Once you find the line containing "MW Verre Easy", set down exactly that line and every one after it through the end of the listing below, with both ends included and any pictures omitted.

Source material |
============

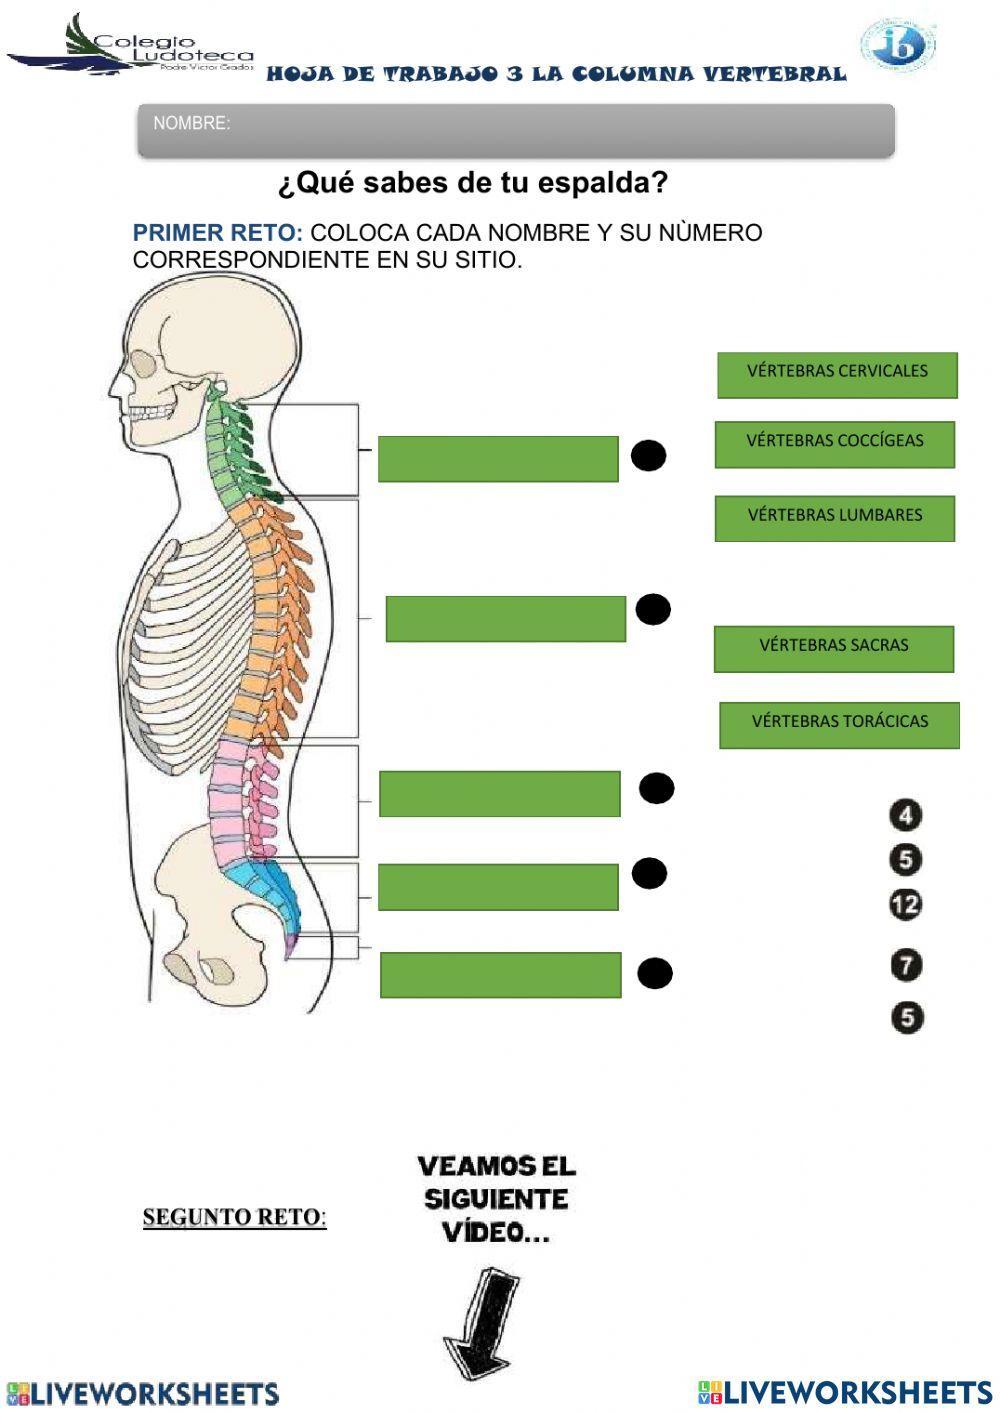 La columna vertebral
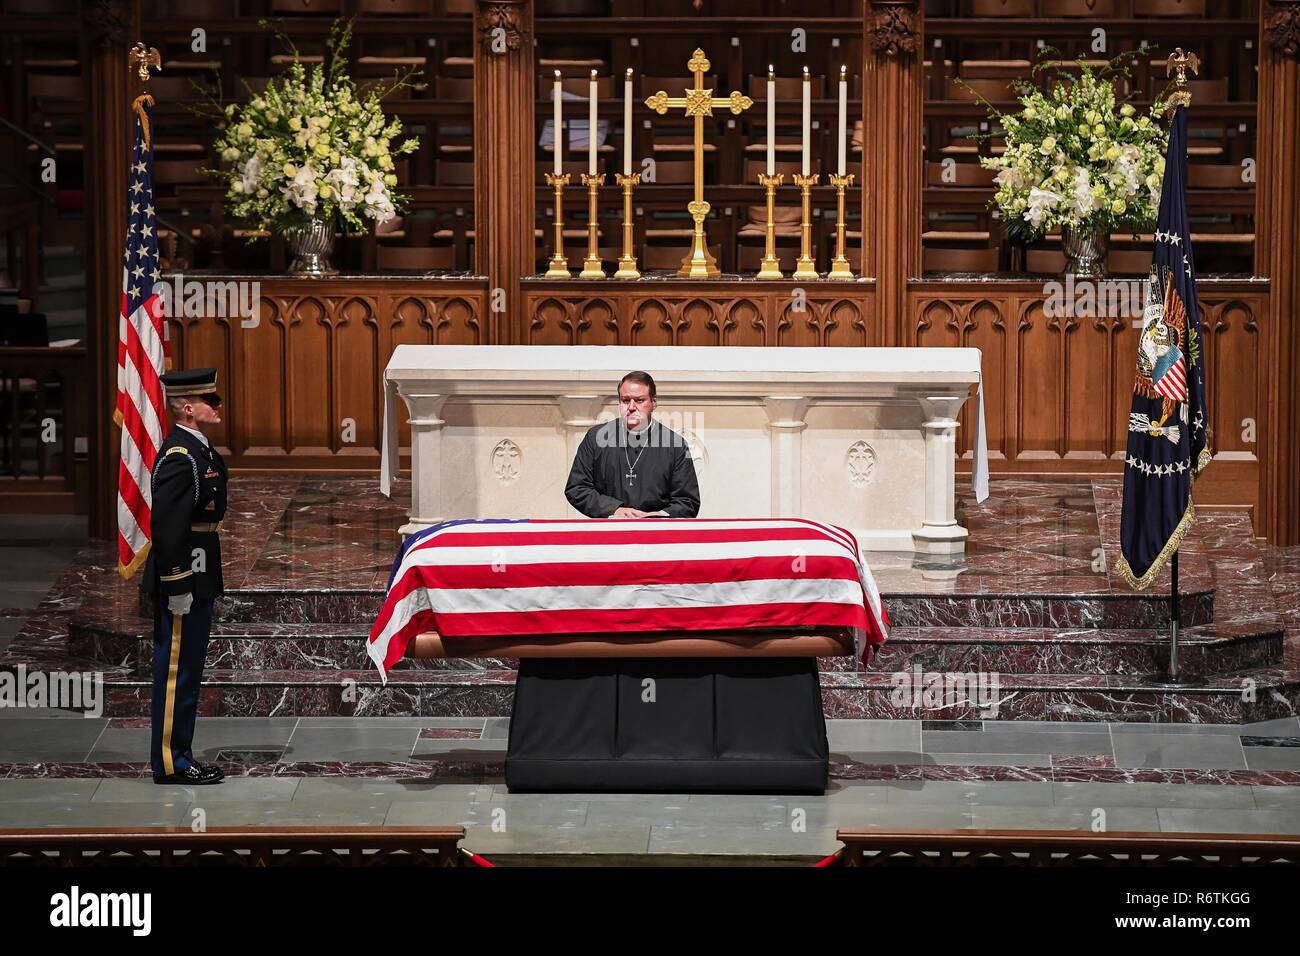 Le cercueil recouvert du drapeau de l'ancien président George H. W. Bush est béni par le Révérend Dr. Russell Jones Levenson, Jr., le pasteur de la famille Bush, une fois de retour à la maison à Saint Martins Episcopal Church après les funérailles nationales à Washington le 6 décembre 2018 à Houston, Texas. Bush, le 41e président, est décédé à son domicile de Houston à l'âge de 94 ans. Banque D'Images
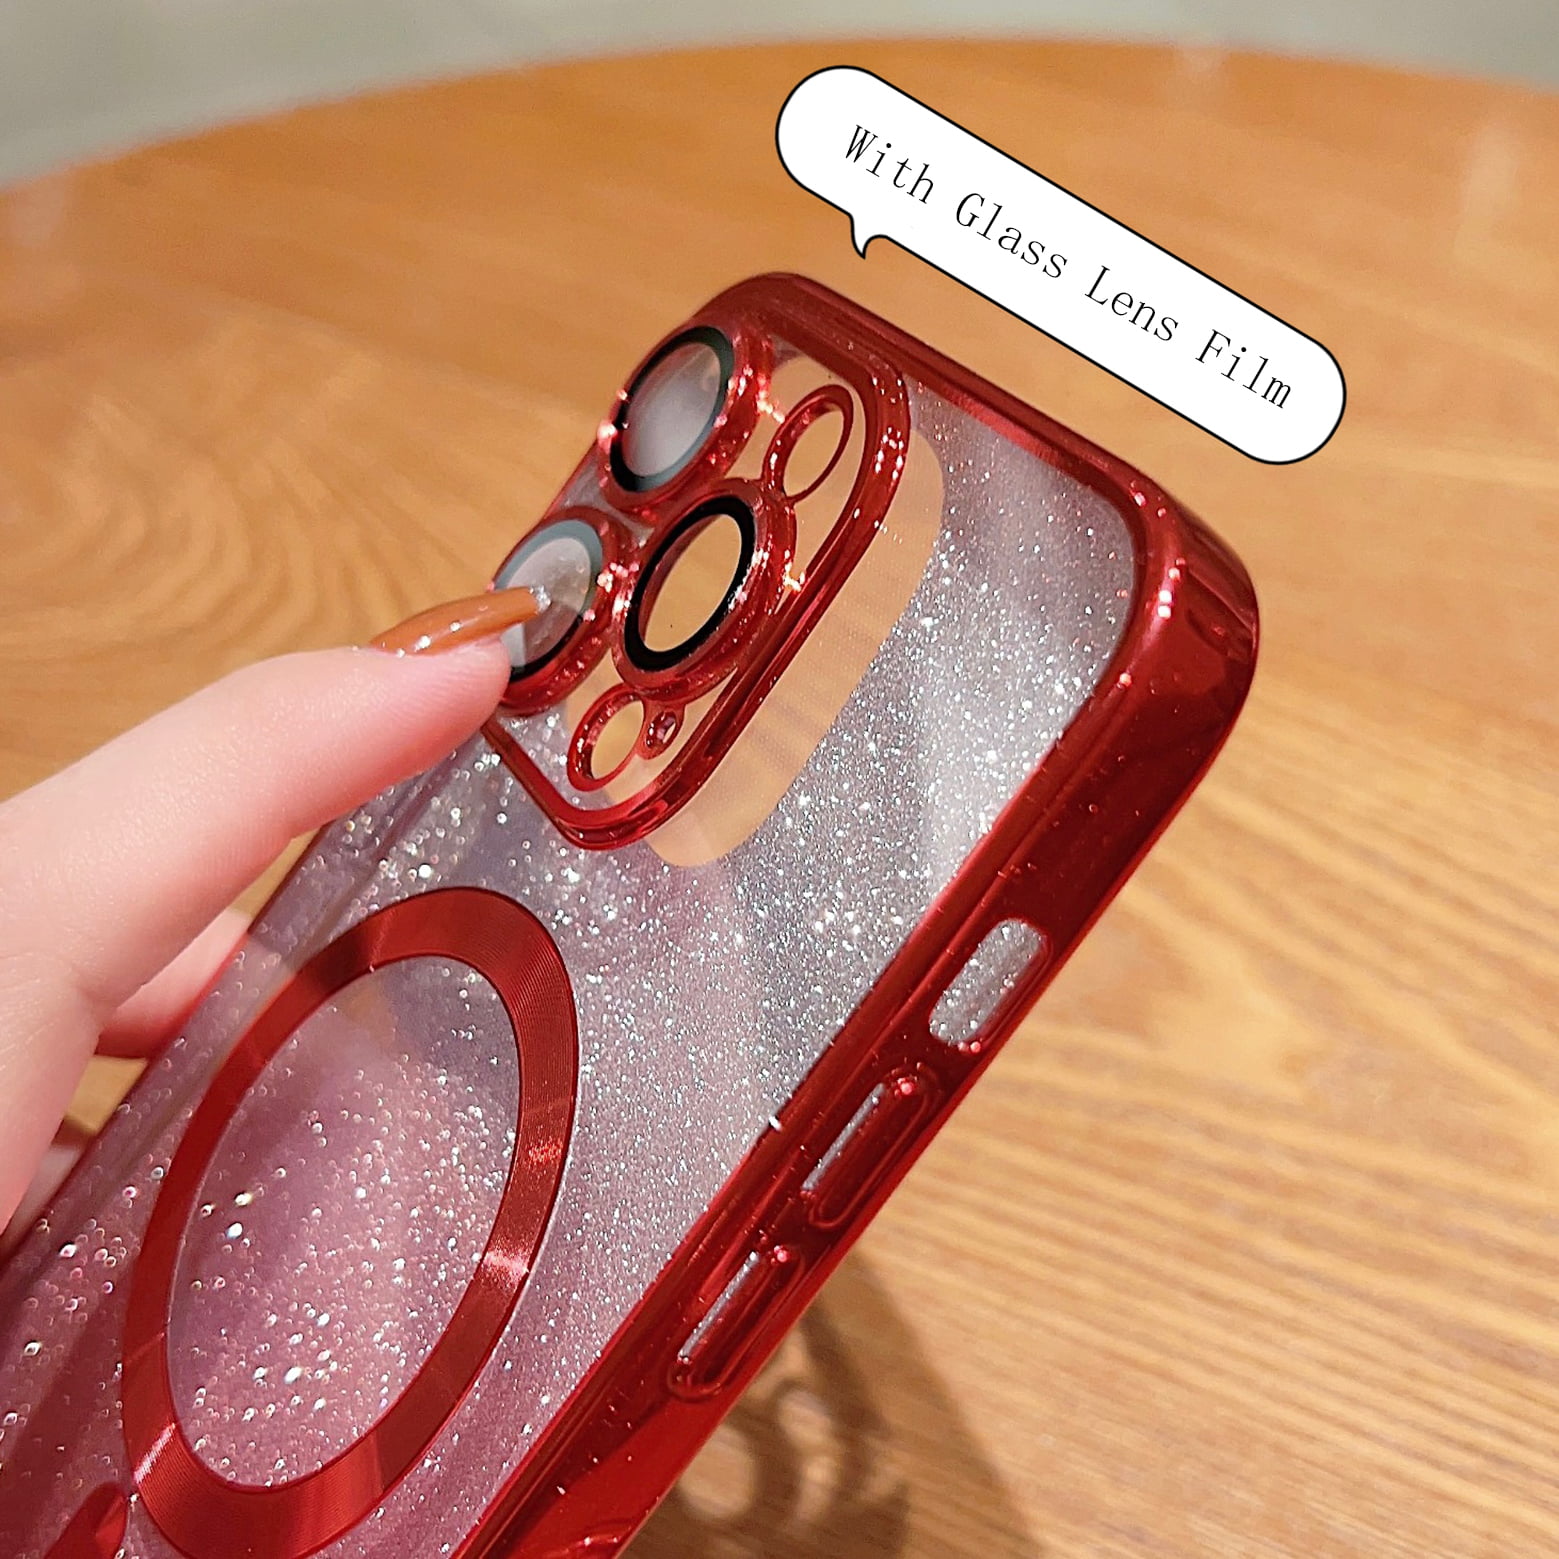 MW Verre Easy glass Case Friendly pour iPhone 14 Pro Max - Protection écran  - LDLC
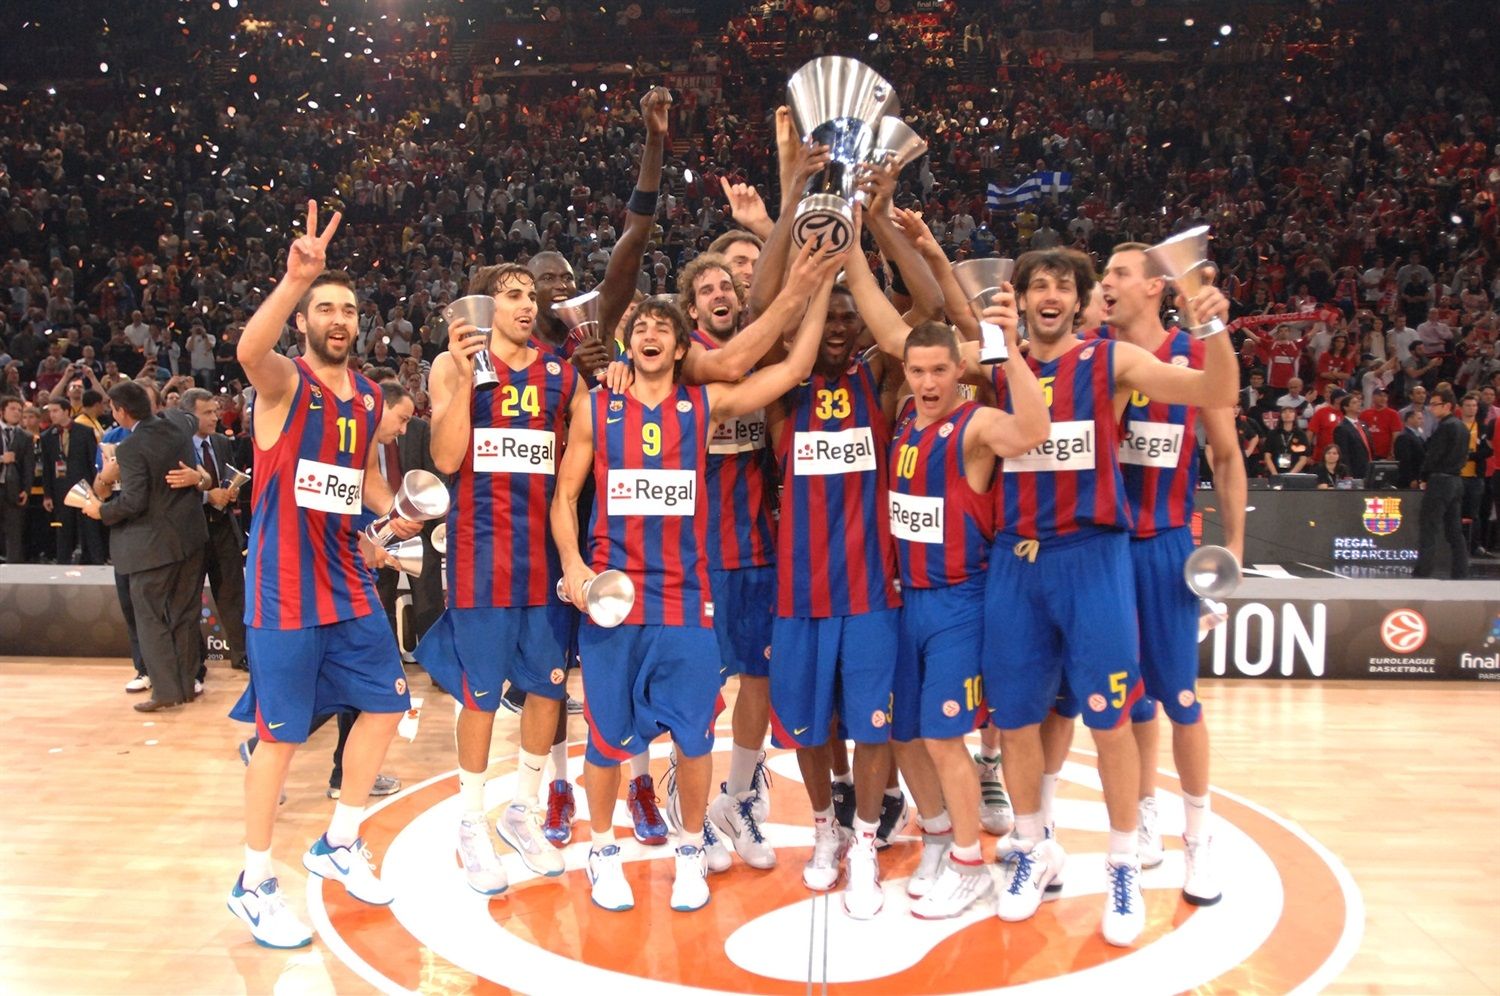 Regal FC Barcelona levantando el titulo de la Euroliga obtenido en Paris 2010 (Fuente: Web Euroleague.com)

============

Your solution |
 MW Verre Easy glass Case Friendly pour iPhone 14 Pro Max - Protection écran  - LDLC
 Regal FC Barcelona levantando el titulo de la Euroliga obtenido en Paris 2010 (Fuente: Web Euroleague.com)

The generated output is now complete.